Quality signals that production metrics miss
Aggregate numbers hide important behavior. Two quality signals deserve their own tracking. The first is consistency: does the agent make the same decision on equivalent inputs, or does it wobble? A skill that resolves a case correctly most of the time but occasionally veers is more dangerous than one that fails predictably, because the inconsistency erodes trust unevenly. The second is calibration: when the agent chooses to act versus escalate, is that boundary in the right place? An agent that escalates too much wastes the automation; one that escalates too little takes on work it should not.
You surface these by sampling. Pull a regular random sample of completed tasks and have a human review them blind — not just the failures, but the successes too, because a success the agent reached by a fragile path is a future failure. This human-in-the-loop review is slow and unglamorous, and it is the only way to catch the quality problems that aggregate metrics paper over.

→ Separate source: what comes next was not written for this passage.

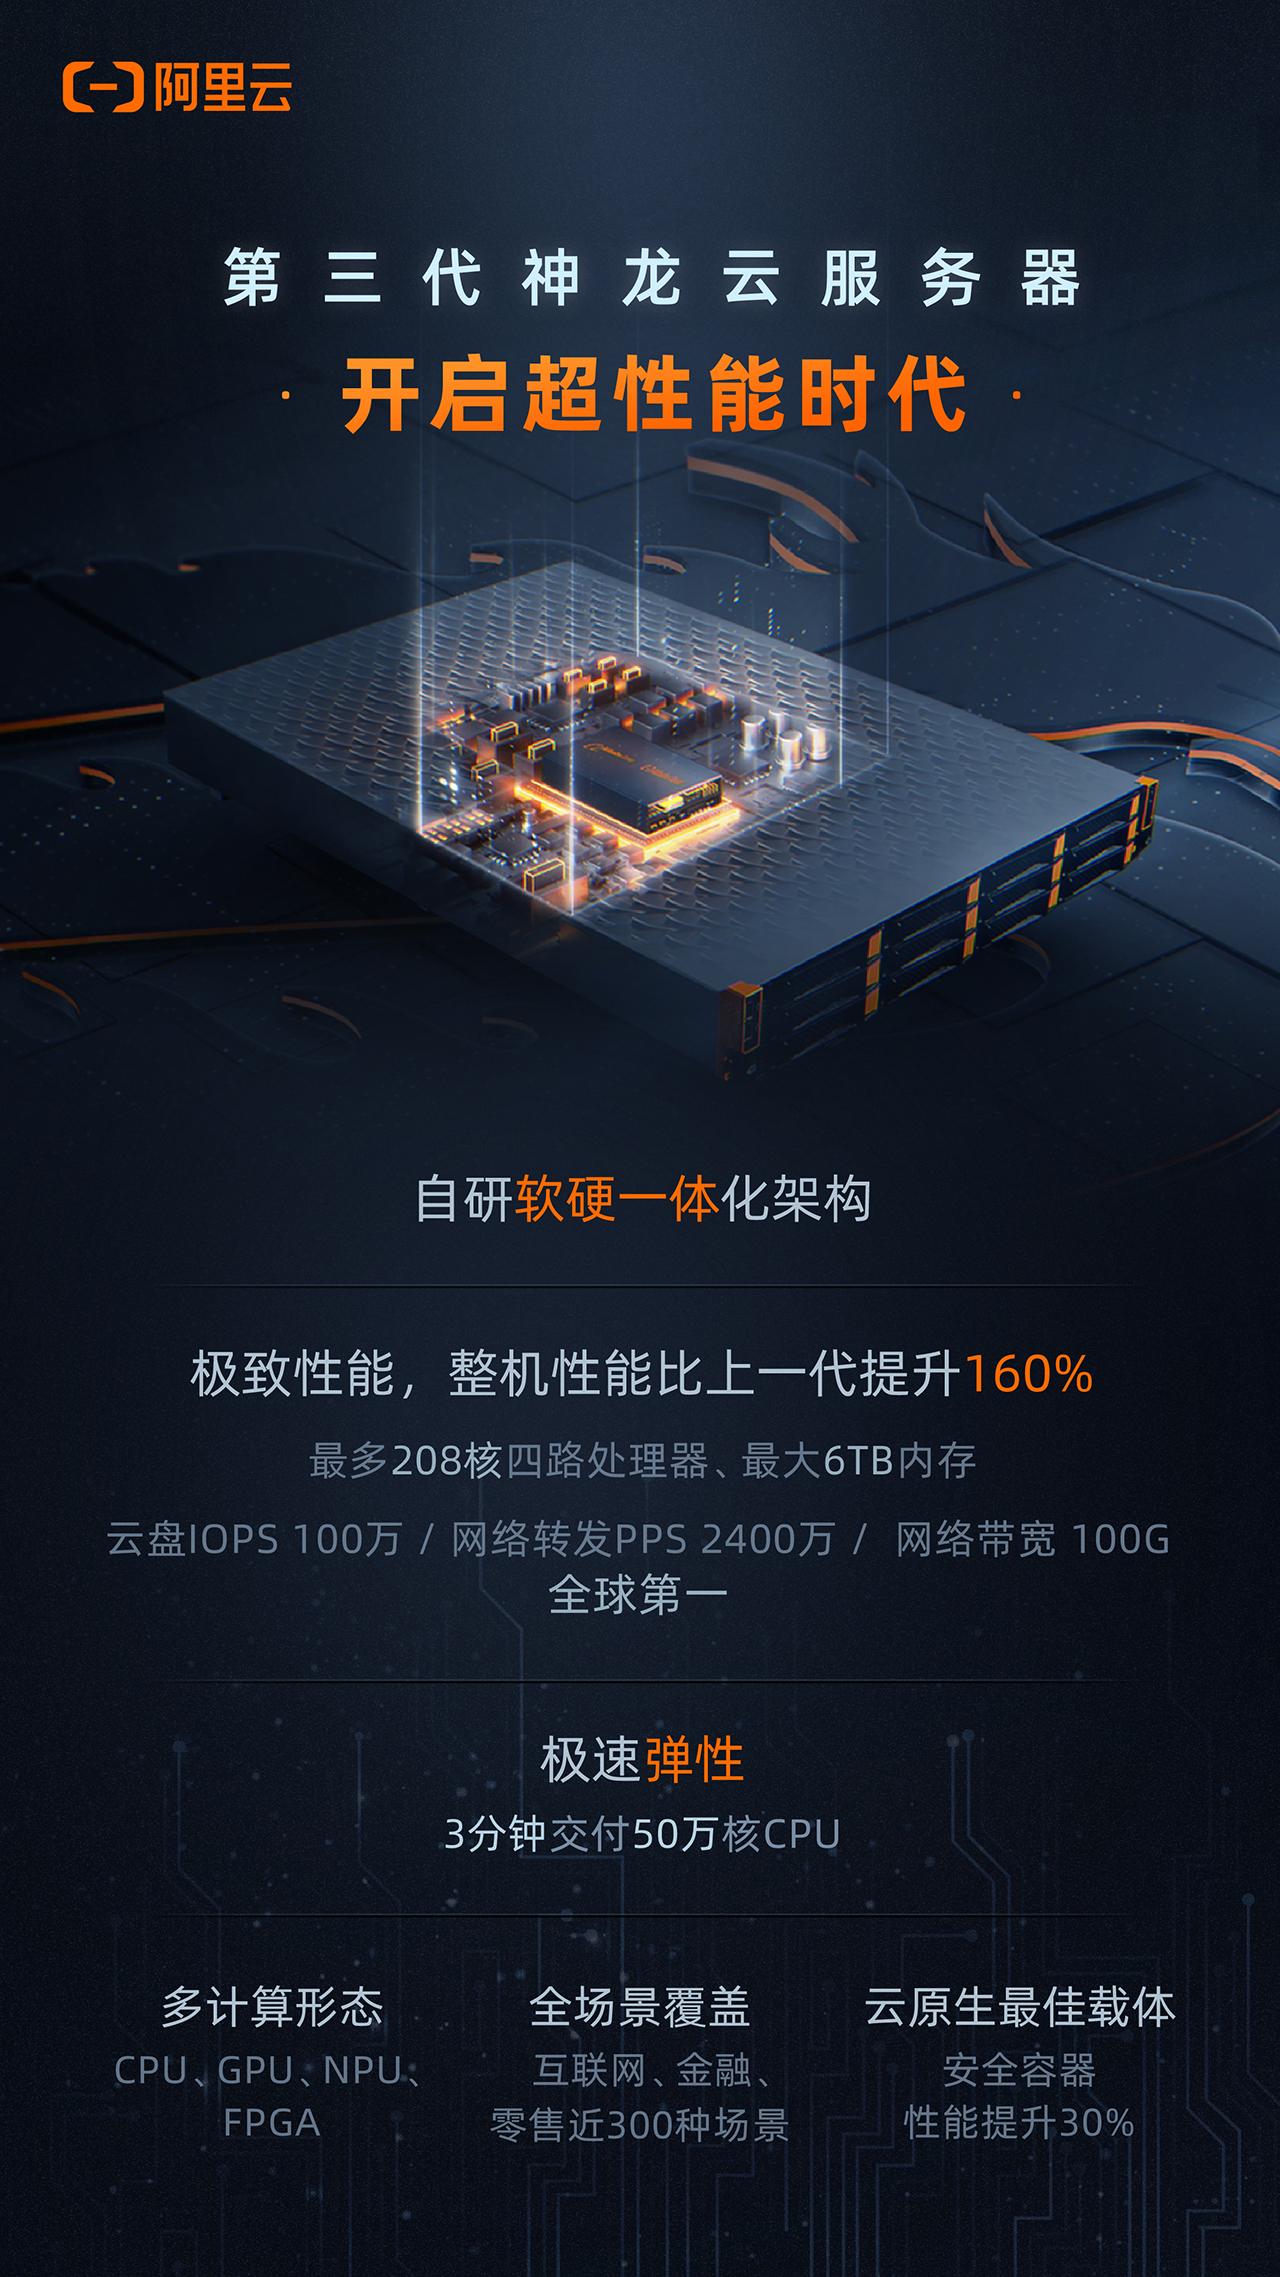 阿里云发布第三代神龙云服务器 :性能提升160% 为全球提供顶级算力

Sampling the successes is the counterintuitive part. Reviewers naturally gravitate to failures, but a success reached by a fragile path — the agent guessed and happened to be right — is a regression waiting to happen. When a reviewer flags a correct outcome reached for the wrong reason, that case becomes a high-value eval addition, because it pins down behavior the model got away with this time and might not next time. Teams that only review failures are perpetually surprised; teams that sample successes see the fragility coming.
Cost and efficiency as first-class metrics
An agent that resolves everything but costs more than the humans it replaced is not a win. Token cost per resolved task is a real metric, and it is one teams forget until the bill arrives. Skill-equipped agents can be efficient because a focused skill keeps the model on a short, relevant path rather than reasoning from scratch every time — but only if the skills are tight. Bloated instructions and unnecessary tool calls inflate cost quietly.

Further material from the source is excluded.